World Development Water and Sanitation – Main Grants Projects Supported

The Sanergy Collaborative is transforming sanitation in Kenya’s urban informal settlements with safe, affordable, and eco-friendly solutions, provided by its two founding partner companies. Fresh Life installs user-friendly container-based toilets in homes and shared spaces, combined with regular waste collection to keep communities clean and healthy. Waste from Fresh Life Toilets is recycled by Regen Organics into valuable end-products such as organic fertiliser and animal feed, while waste from pit latrines is safely collected at Mtaa Fresh stations and treated by Nairobi Water & Sewerage Company, Fresh Life’s public utility partner, ensuring that all sanitation waste is managed responsibly.
The Waterloo Foundation supports Fresh Life with innovative funding tied to key performance goals, helping to expand and sustain container-based sanitation services across Nairobi. This approach also paves the way for lasting partnerships with public utilities, supporting the integration of container-based sanitation into city-wide plans and expanding access to safe and convenient sanitation for vulnerable residents.

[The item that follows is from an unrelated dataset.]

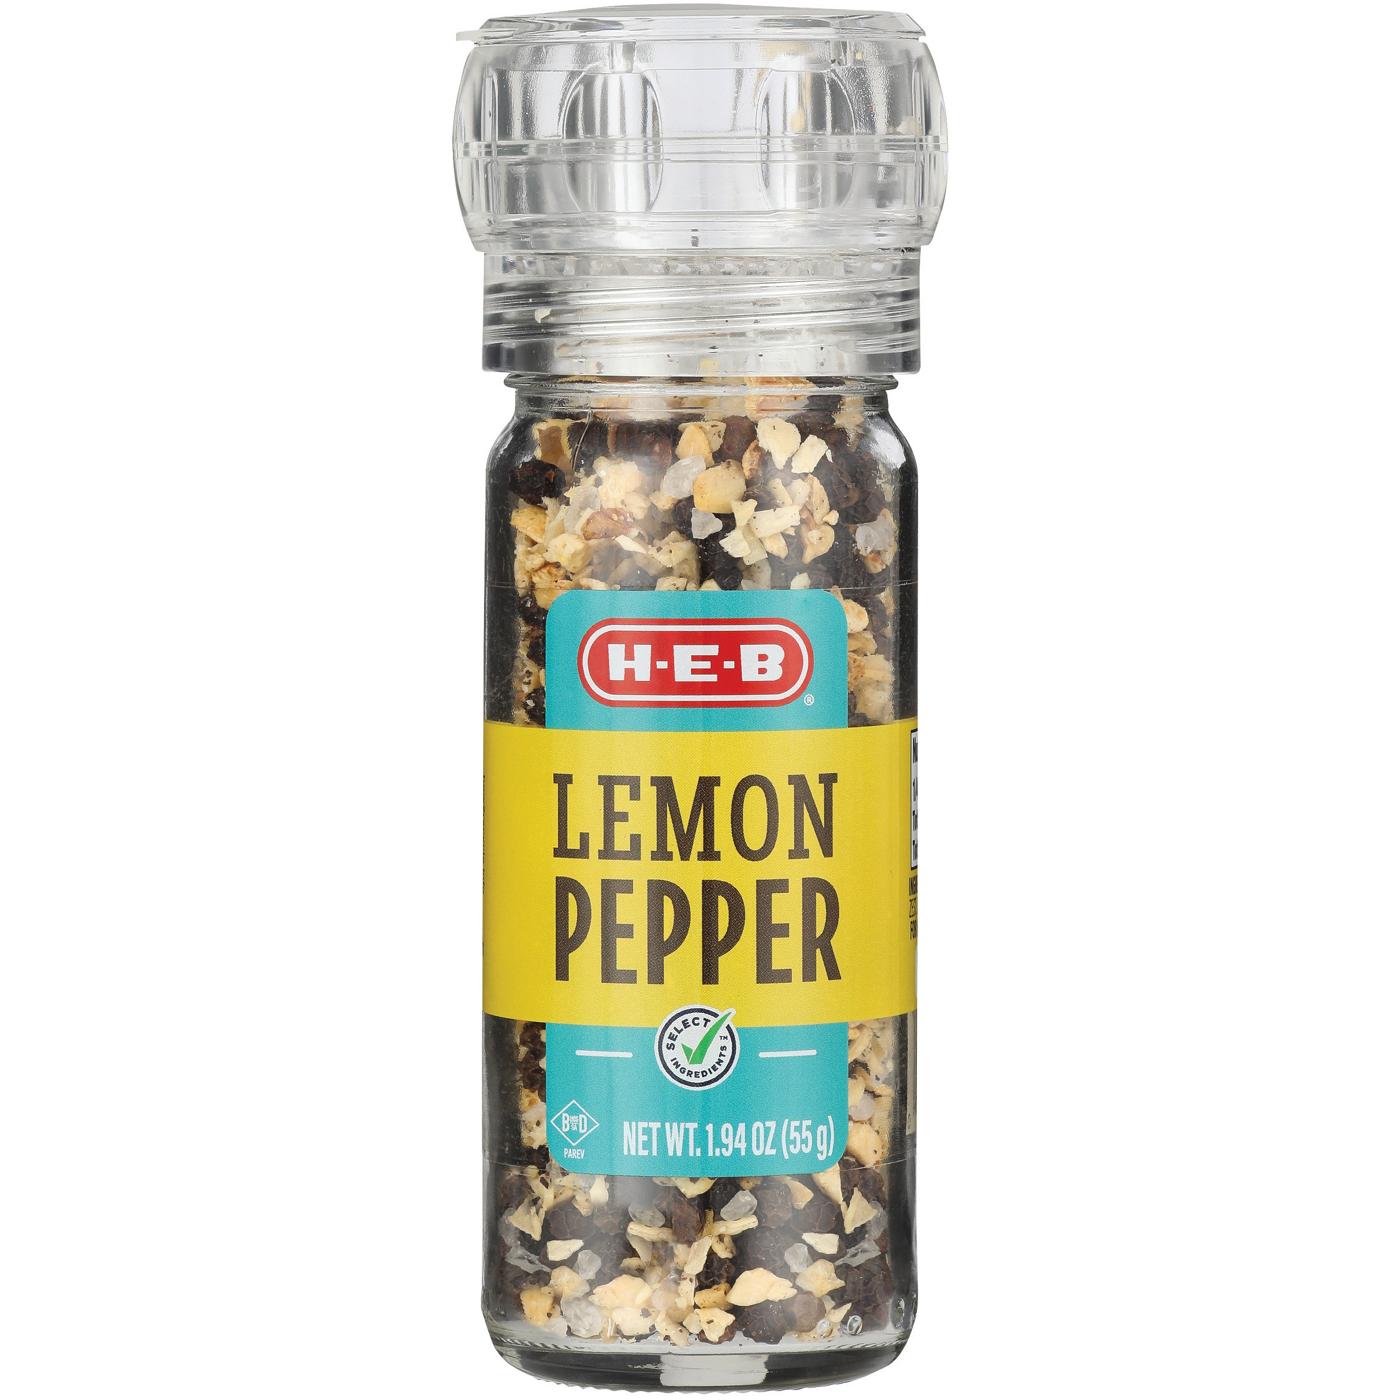 H-E-B Lemon Pepper Grinder; image 1 of 2

Uptime is revolutionizing access to reliable drinking water for millions of rural communities worldwide. By designing and delivering results-based funding as a subsidy to rural water service providers, Uptime helps keep water flowing across countries contexts and infrastructure types.
The Waterloo Foundation has provided multi-year core support to Uptime, helping to pilot their standardised funding model with trusted service partners and then to grow the approach to reach over 5 million people across Africa, Asia, and Latin America – with a subsidy of less than $1 per person per year. Now, Uptime is partnering with governments to scale up drinking water services, showing how funding can be transparently and cost-effectively linked to verified service performance – with a goal of reaching 100 million people with a reliable water service by 2030.


Stop the Rot is shining a spotlight on a hidden crisis which continues to undermine access to safe water in Sub-Saharan Africa. Hosted by the Skat Foundation, this initiative exposes the widespread use of poor-quality handpump components alongside the rapid corrosion of handpumps—two issues that severely impact the performance and reliability of rural water sources often leading to poor quality water and early breakdown of handpump sources. When handpumps fail or deliver unpalatable water, communities are often forced to return to contaminated or distant water supplies.
With ongoing support from The Waterloo Foundation, Stop the Rot is raising awareness of these critical issues and catalysing action to address them at international and national levels across Sub Saharan Africa. In doing this, this work is helping to instil a culture of quality into rural water supplies and to ensure more communities across sub-Saharan Africa have reliable access to safe drinking water.


TPEN (The Period Equality Network) is transforming menstrual health and hygiene across East Africa through grassroots collaboration and culturally-relevant action. Hosted by the Irise Institute East Africa and supported by Irise International, TPEN is a dynamic coalition of East African-led organisations and social enterprises committed to improving menstrual health and hygiene across the region through collective grassroots action.
TPEN was launched in 2021 with the help of The Waterloo Foundation. Since then, the network has grown rapidly – from 30 members to nearly 300 in its first three years. The Waterloo Foundation continues to support TPEN through Irise, helping to develop its first dedicated strategy and supporting core activities. This includes seed funding for a micro-grants programme that enables TPEN members to lead impactful menstrual health initiatives in their communities.